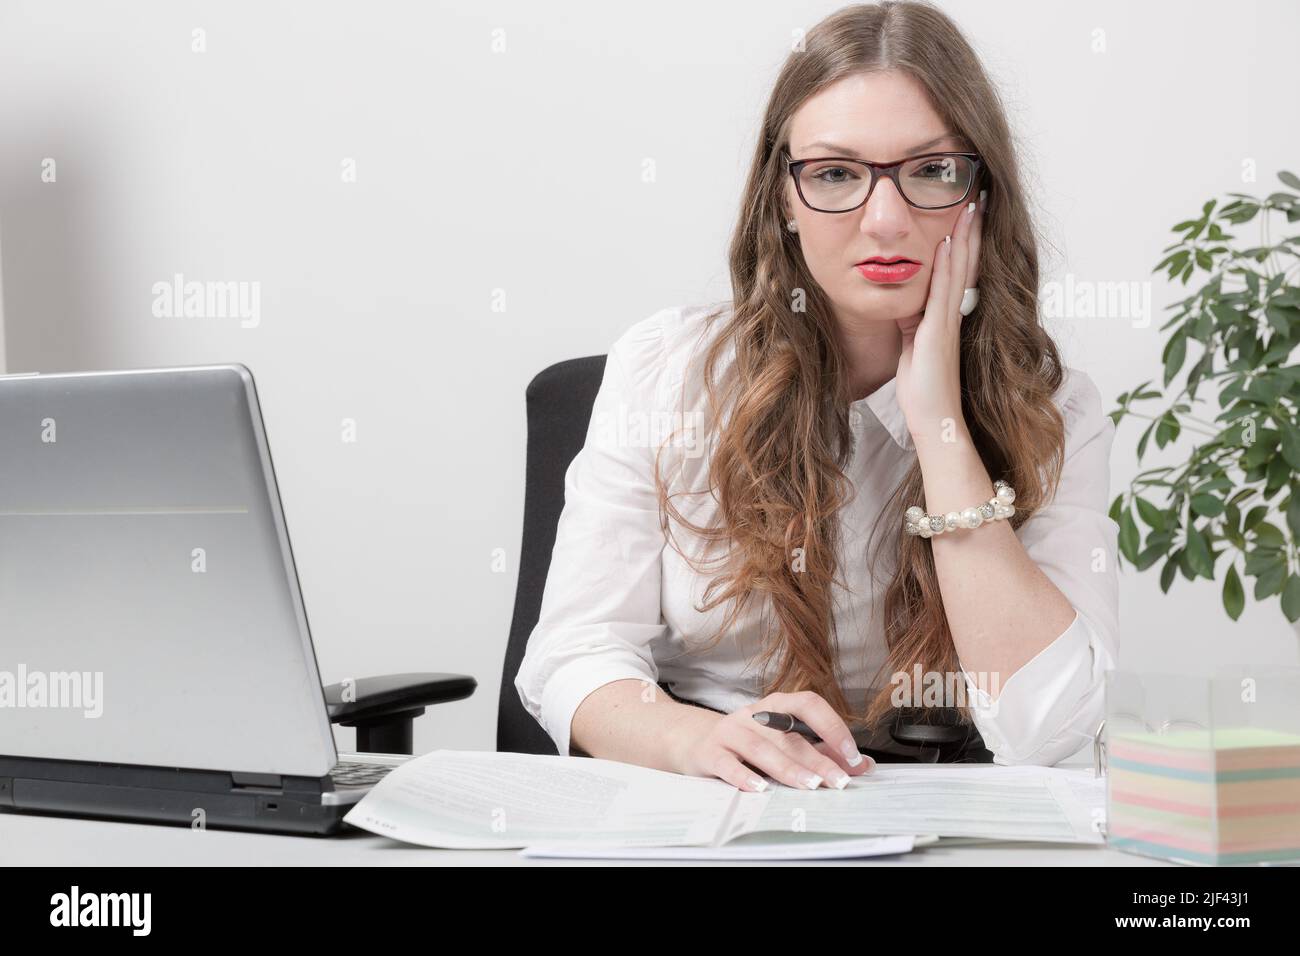 young business woman is working with computer and papers at desk Stock Photo
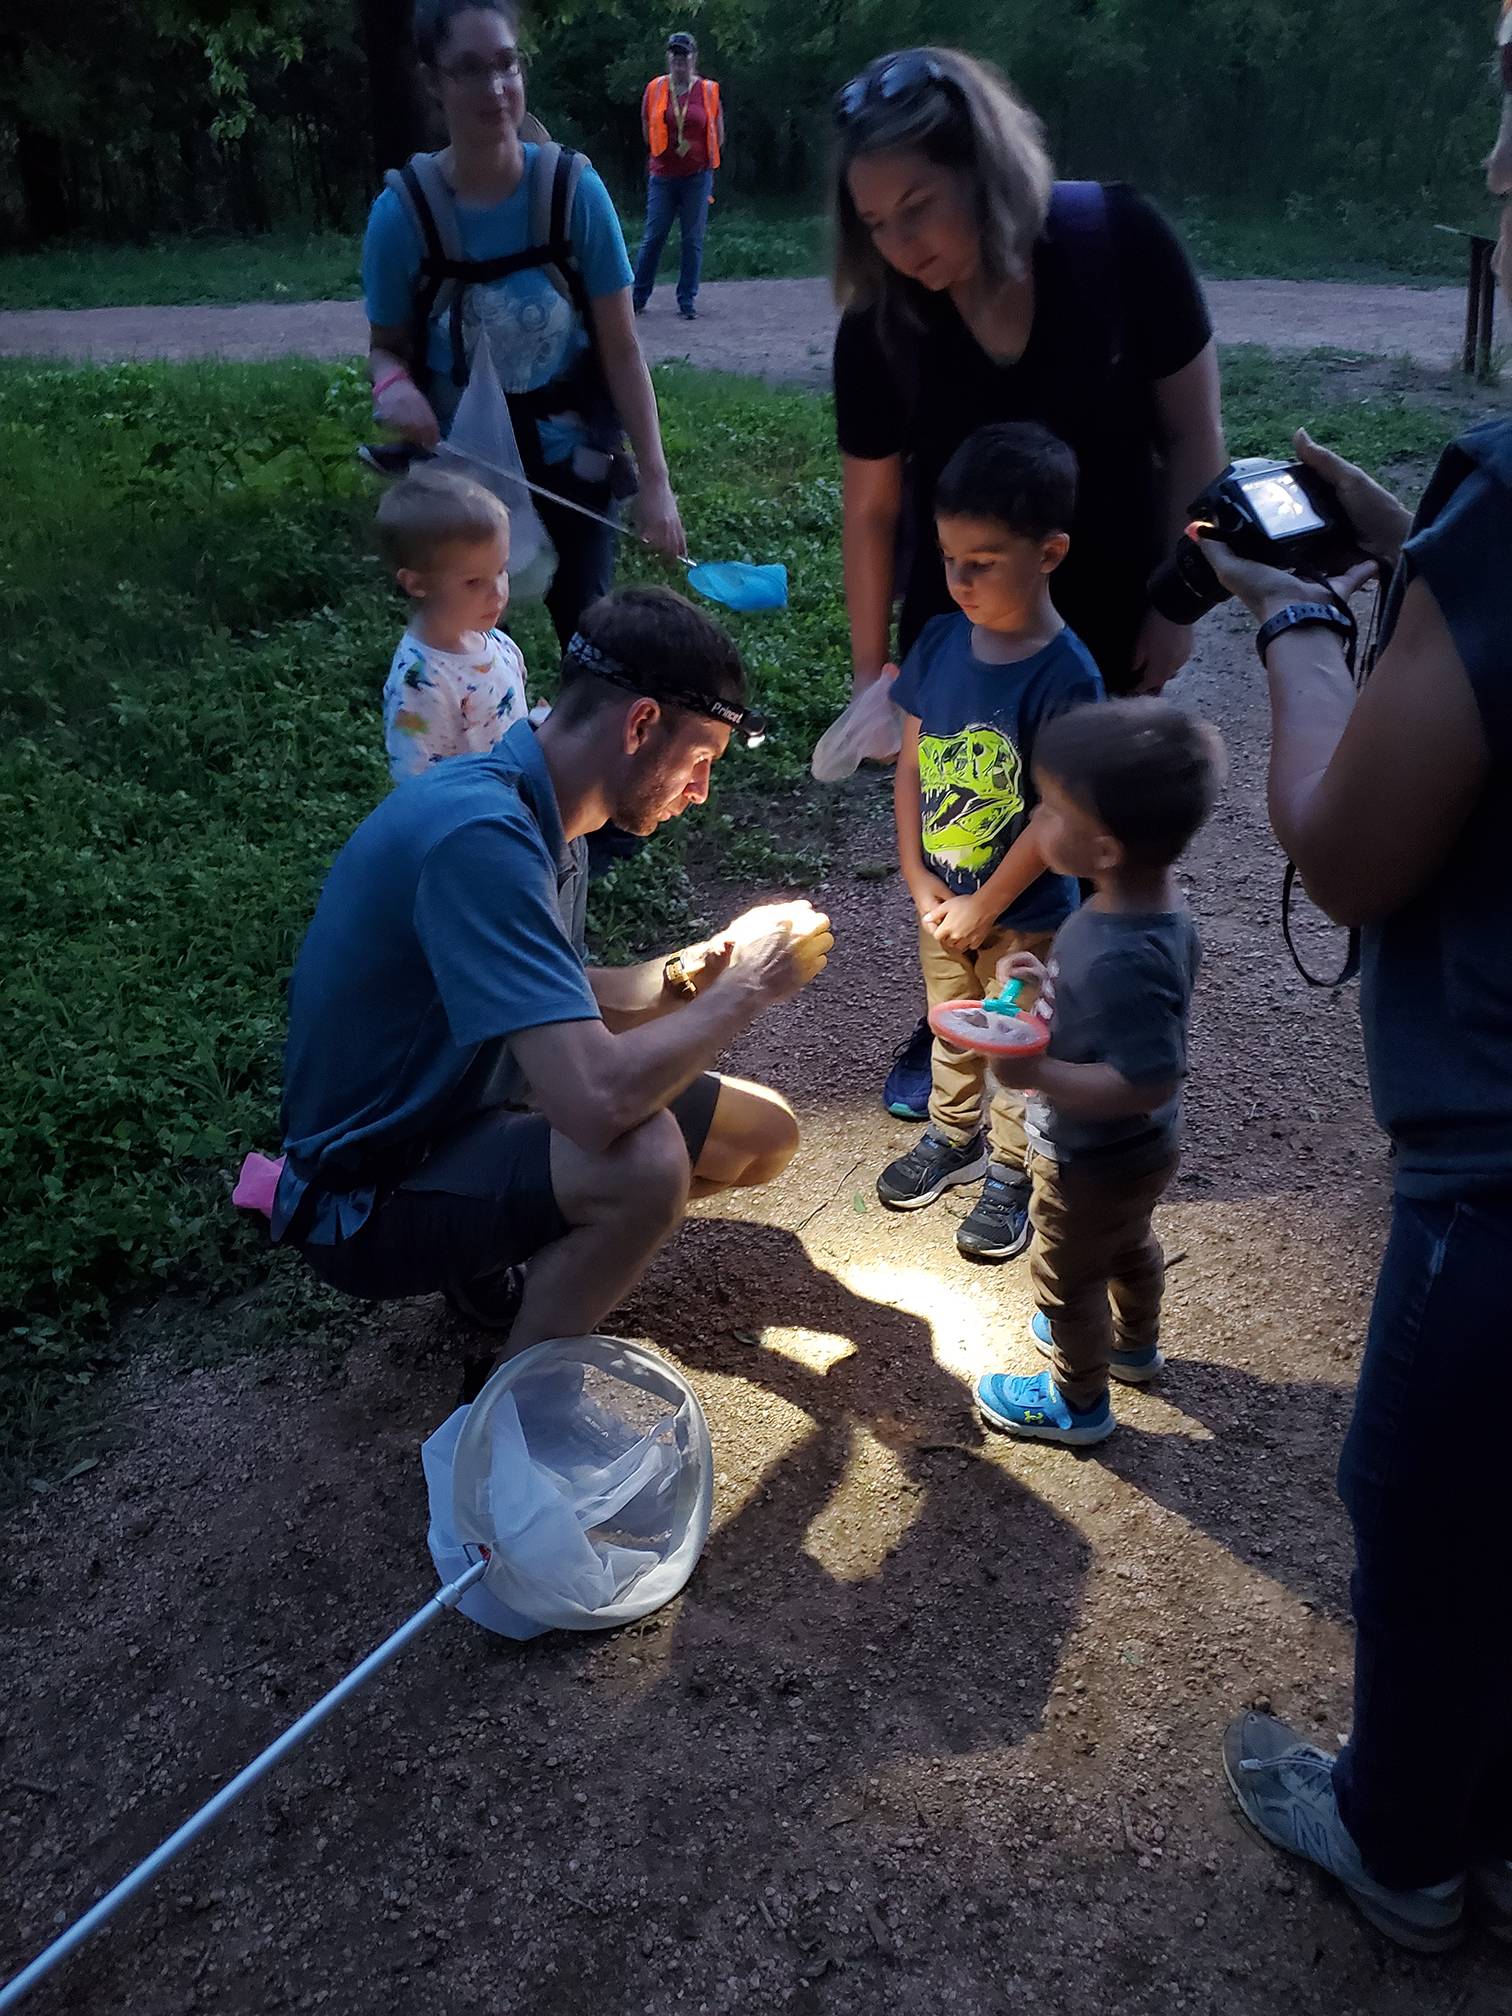 man with headlamp shows something in his hands to small children
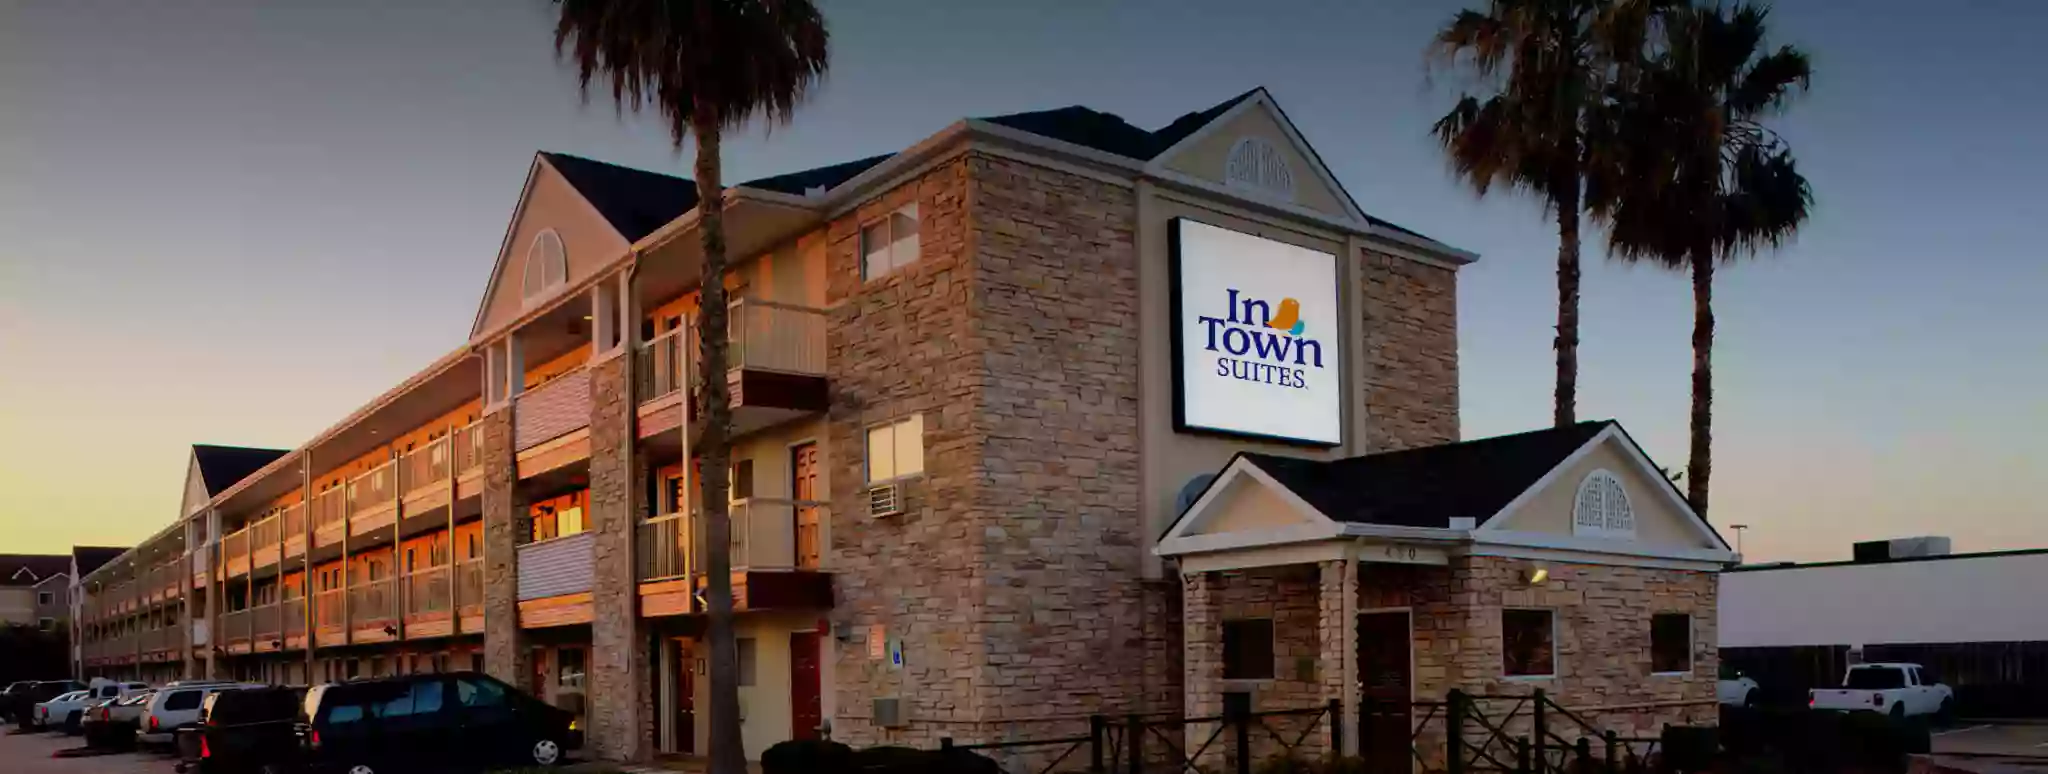 InTown Suites Extended Stay Fort Lauderdale FL

Work to be completed:
The whole listing must come back verbatim, with no pictures included.

Expected answer:
 young business woman is working with computer and papers at desk Stock Photo
 man with headlamp shows something in his hands to small children
 InTown Suites Extended Stay Fort Lauderdale FL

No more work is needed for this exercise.